• [Your task]: All of the data must be written out verbatim, with pictures excluded.

• [Recorded information]:
◆ ◆ ◆

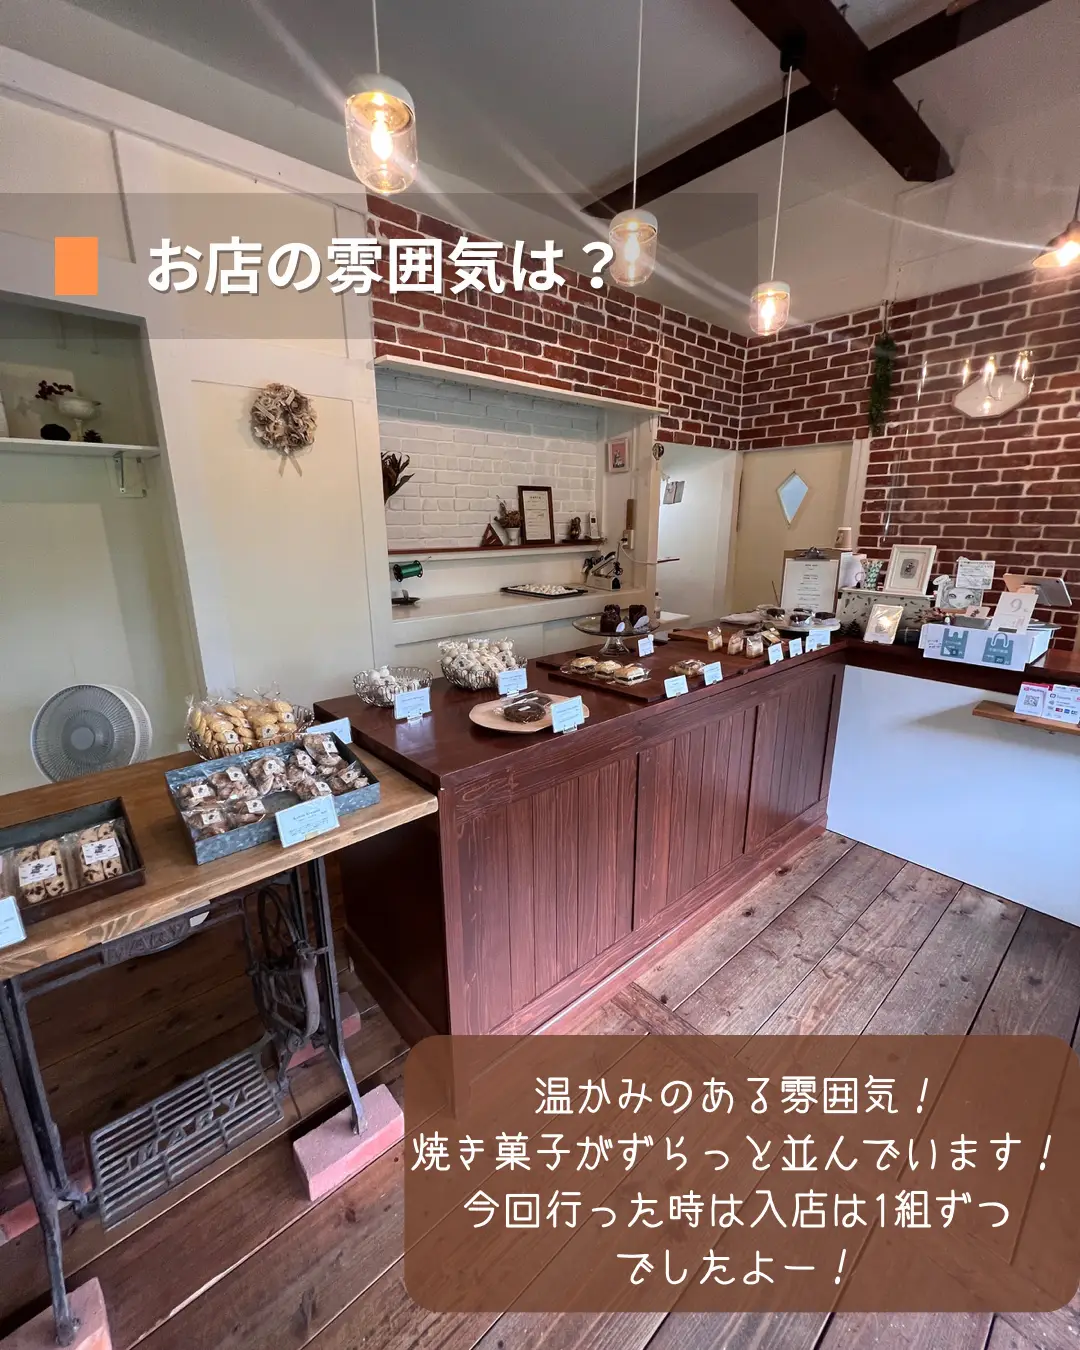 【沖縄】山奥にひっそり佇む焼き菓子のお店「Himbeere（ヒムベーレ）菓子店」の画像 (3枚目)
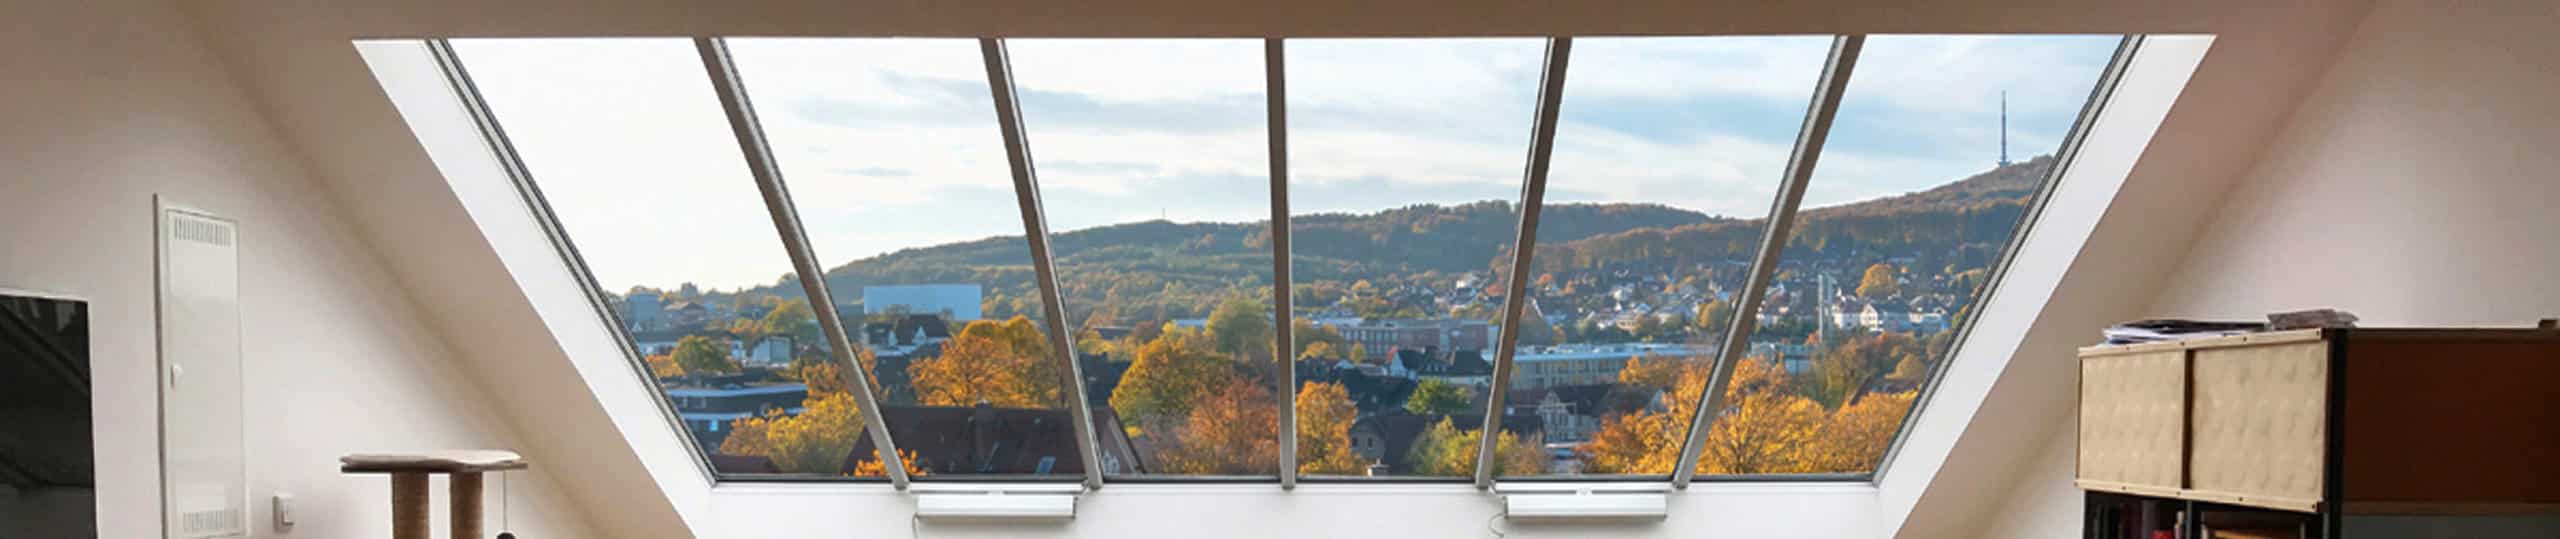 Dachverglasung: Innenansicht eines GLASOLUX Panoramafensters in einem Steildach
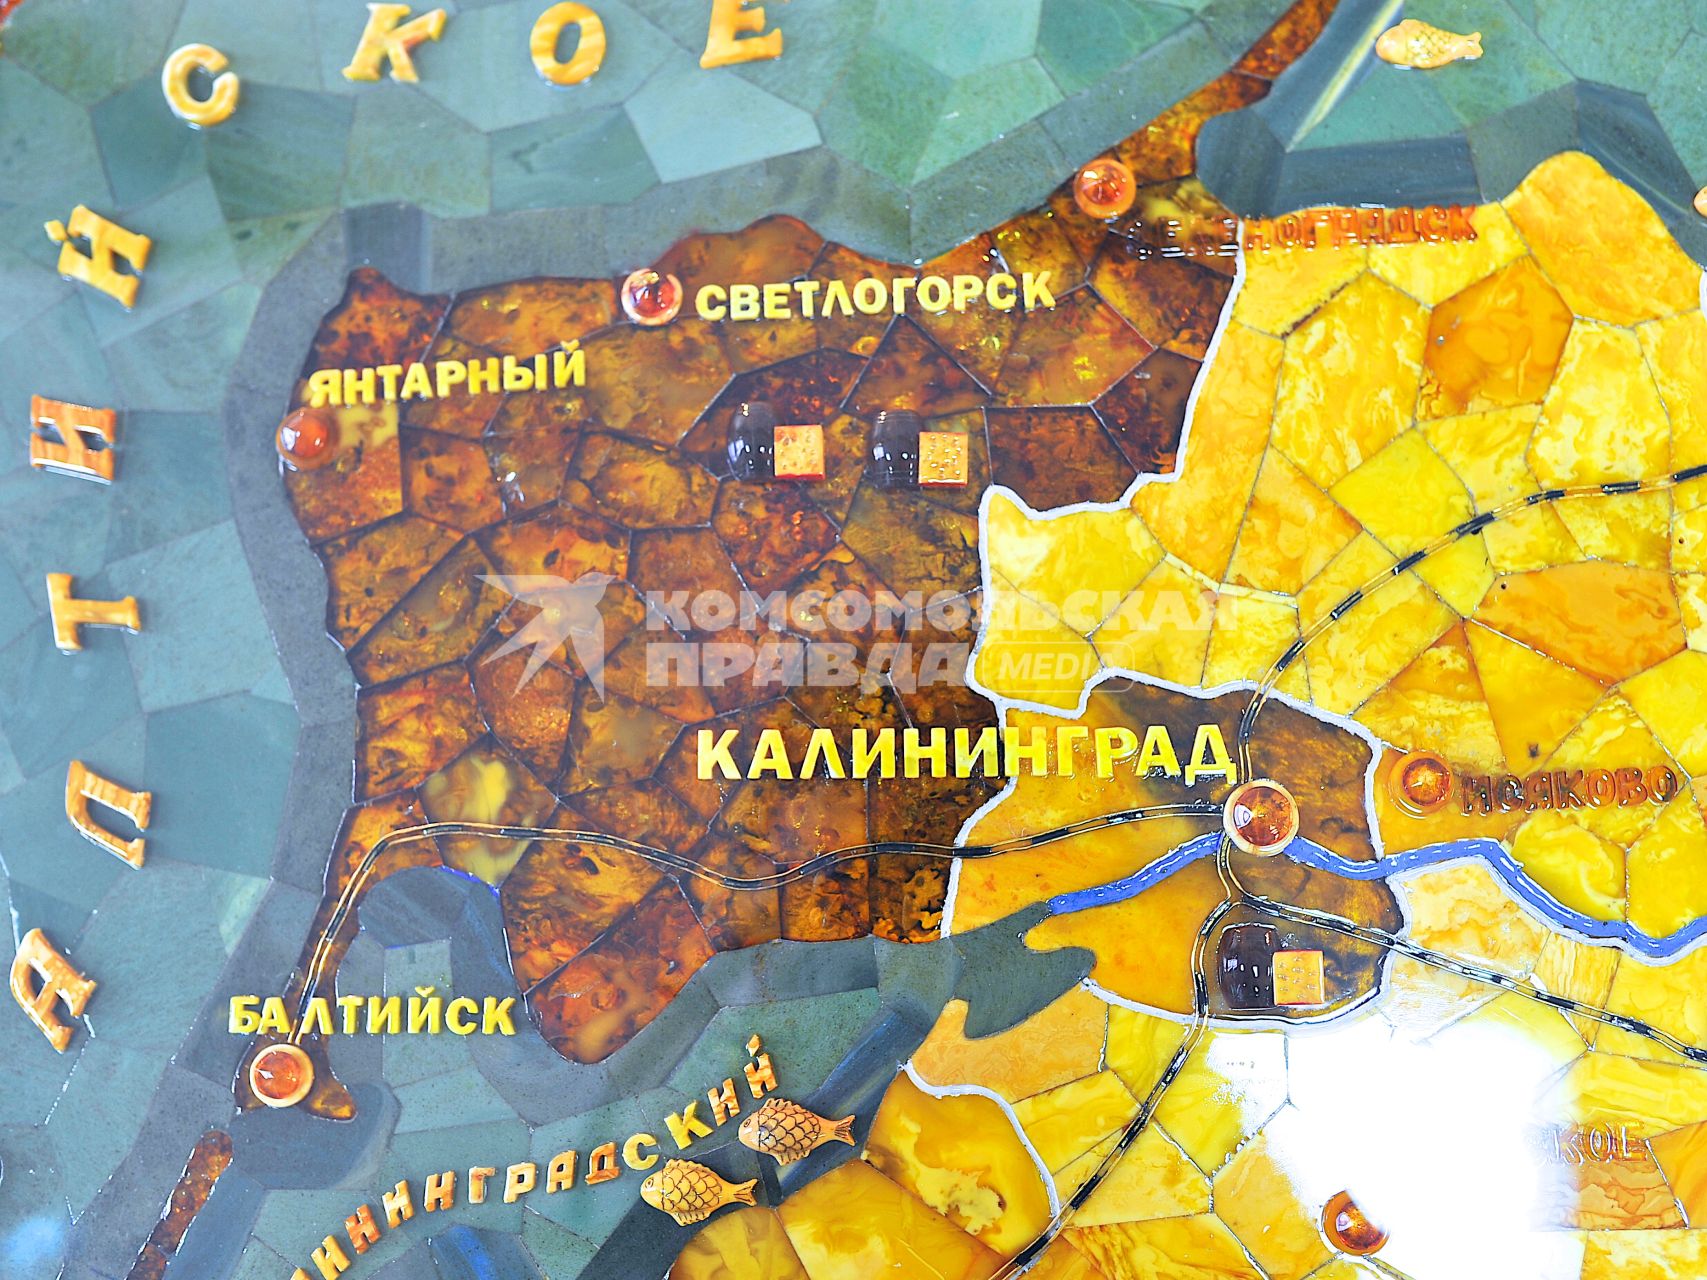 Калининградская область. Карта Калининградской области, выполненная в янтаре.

◆ ◆ ◆

• [Task answer]:
 【沖縄】山奥にひっそり佇む焼き菓子のお店「Himbeere（ヒムベーレ）菓子店」の画像 (3枚目)
 Dachverglasung: Innenansicht eines GLASOLUX Panoramafensters in einem Steildach
 Калининградская область. Карта Калининградской области, выполненная в янтаре.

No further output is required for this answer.